When some of my acquaintances lose a pair of sunglasses, I hear the phrase, “I will just buy another cheap pair…”. I wish it was that easy and didn’t involve navigating a stereotype.

Over a week ago, I misplaced (likely on the bus) my sunglasses. I did the usual things like phone the bus company and searched my home and office but came up empty-handed each time.

Many reading this probably assume I could buy another pair of the same. I wish that was the case and will go on to explain.

As my vision has decreased, using what I have remaining is extremely important from a safety and quality of life perspective. I have multiple eye conditions, each causing sensitivity to light and glare. Interestingly each condition requires a slightly different tint to provide optimal viewing and finding that perfect fitting and tinted pair of sunglasses is challenging.

My last pair were, in fact, the best I had found. These were the Julbo Explorer 2 High Mountain with dark brown (category 4) spectrum tint. A person recommended this particular model who has low vision and lives in the US. She explained this model decreased glare and the side shields blocked light from getting around the sunglasses.

Although not the most becoming feature, the side shields worked very well. I have had multiple surgeries on my eye, which have altered the shape. I had an emergency iridotomy around 2009 that lets light into my eye through iridotomy, distorting what I see and putting q band of glare into my field of view. While this can not be repaired and occlusive contact lenses to stop this, our unsuccessful sunglasses with side shields made the difference between being able to function outdoors and not being able to.

Julbo Explorer 2.0 with spectron high mountain lens
Photo of the Julbo Explorer 2 with spectrum high mountain category 4 dark brown lens. Photo – https://www.moosejaw.com/product/julbo-explorer-2-0-sunglasses_10352650

These sunglasses are designed for mountaineering and another particularly useful feature was the built-in venting to stop them streaming up.

There are few places that stock this particular model of sunglasses in New Zealand and those that are out of stock at the time of writing this post.

Did I mention the price – between $270 and $349 and sunglasses of a similar calibre and quality (but so not meet my needs) are around the same price or more.

The part that bothers me about this stereotype is the helplessness people often associate with it, which feeds the negative or deficit construct of disability. I am an independent, strong and articulate person who would ask for help if required. However, for the most part, I adapt and problem solve to function without assistance (other than Guide Dog Sienna, that is) to navigate everyday life.

In society, there is a stereotype of a blind person as needing assistance (helpless, potentially a burden on society etc.), totally blind, and wearing dark sunglasses with either a cane or a guide dog. I spend much of my life educating people to help them realise that most of the blind community does not match this. In that, blindness is a spectrum and is highly individual. Not everyone needs a cane, guide dog or sunglasses. As an example, I can function without these things. However, wearing sunglasses reduces pain and glare while using a cane or guide dog, keeps me safe and all reduces the visual fatigue from navigating and adapting to an environment that is designed for those with sight.

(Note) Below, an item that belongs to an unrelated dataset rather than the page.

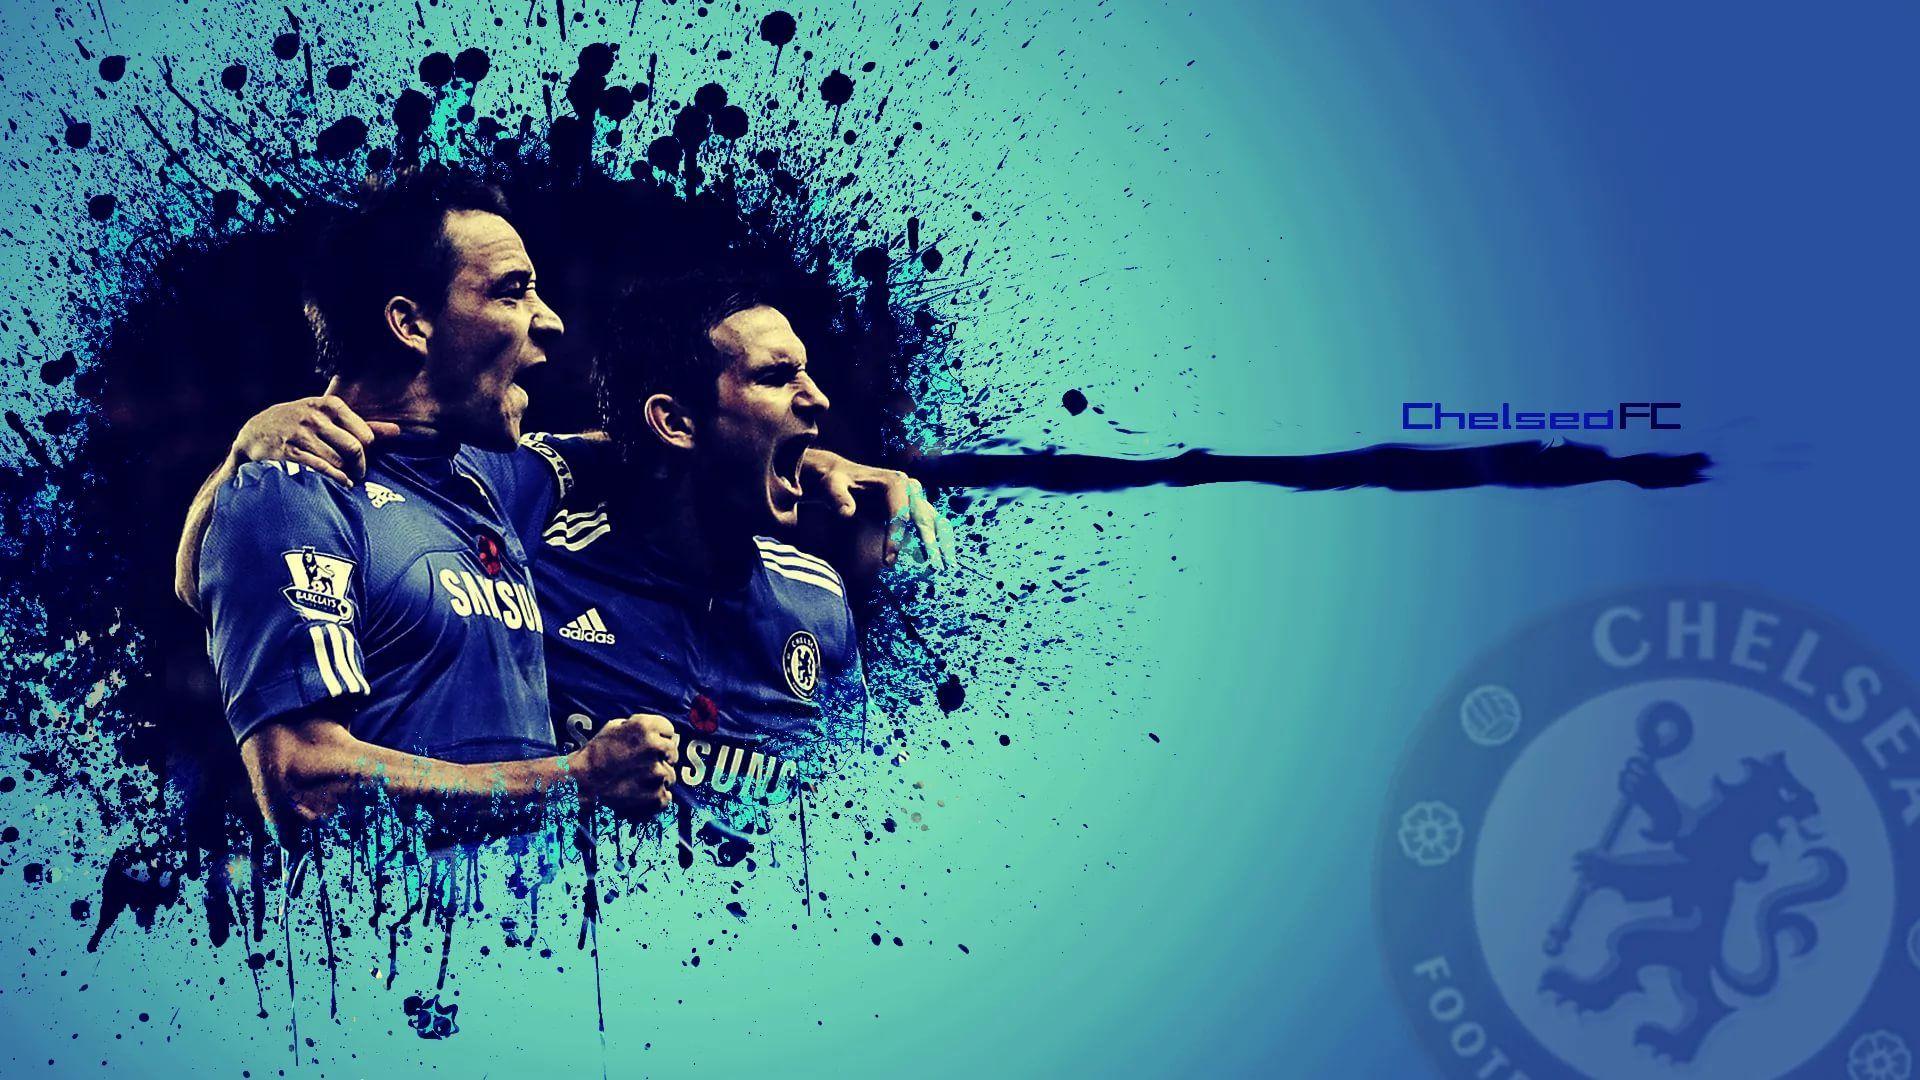 Chelsea full hd wallpaper

I was surprised that the thought processes associated with a stereotype of a blind person held by some of our society have crept into my journey to buy new sunglasses. With this in mind, I would like to share my perception of my disability as a contrast.

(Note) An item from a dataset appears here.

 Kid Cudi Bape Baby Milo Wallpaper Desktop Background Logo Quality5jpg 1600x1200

My disabilities do not define me; they are something I navigate to contribute successfully to society. Yes, navigating an environment built for those with good vision is difficult, fatiguing and frustrating at times, and often tasks that rely on vision take me longer to complete, but it doesn’t stop me from participating or contributing.

However, living with a disability has also given me opportunities, such as an understanding and lived experience. Coupled with skills such as being a health care professional, educator, researcher and computer scientist allows me to provide multiple contexts while advocating for myself and others to improve our environment and societal perceptions of disability.

Back to the sunglasses, if I could afford and somehow import the same model I had, I would. However, my investigations found this to be challenging in an adequate timeframe. As I am finding glare challenging without my sunglasses, I have spent most of the day in many suburbs across Auckland trying on different makes and models of sunglasses to find a pair that meets my needs.

Form and function are hard to match. The best lenses I could find were in a sport/cycling pair of sunglasses by Oakley, the Jawbreaker model, which would not have been suitable to wear to the office or formal functions. The more formal or traditional sunglasses did not provide the coverage required. The best model so far is the Oakley Clifton Deep Water sailing as they have removable side shields and excellent lenses – the downside is the cost of $379.

Oakley Cliften Sunglasses picture from website listed in caption.
Oakley Clifden Translucent Blue (Deep Water lens) – Photo – https://image4.cdnsbg.com/1/441/479693_1599508998135.jpg?width=320&height=160

So the search for sunglasses continues and I am looking forward to finding the perfect pair.

A blog post would not be complete without a photo of Guide Dog Sienna, so below is a picture of her trying to lay in a tiny piece of the sun coming through a coffee shop window while we took a break from sunglasses shopping.

Guide Dog Sienna in her harness laying in the sun.
Sienna is enjoying the sun in a cafe today.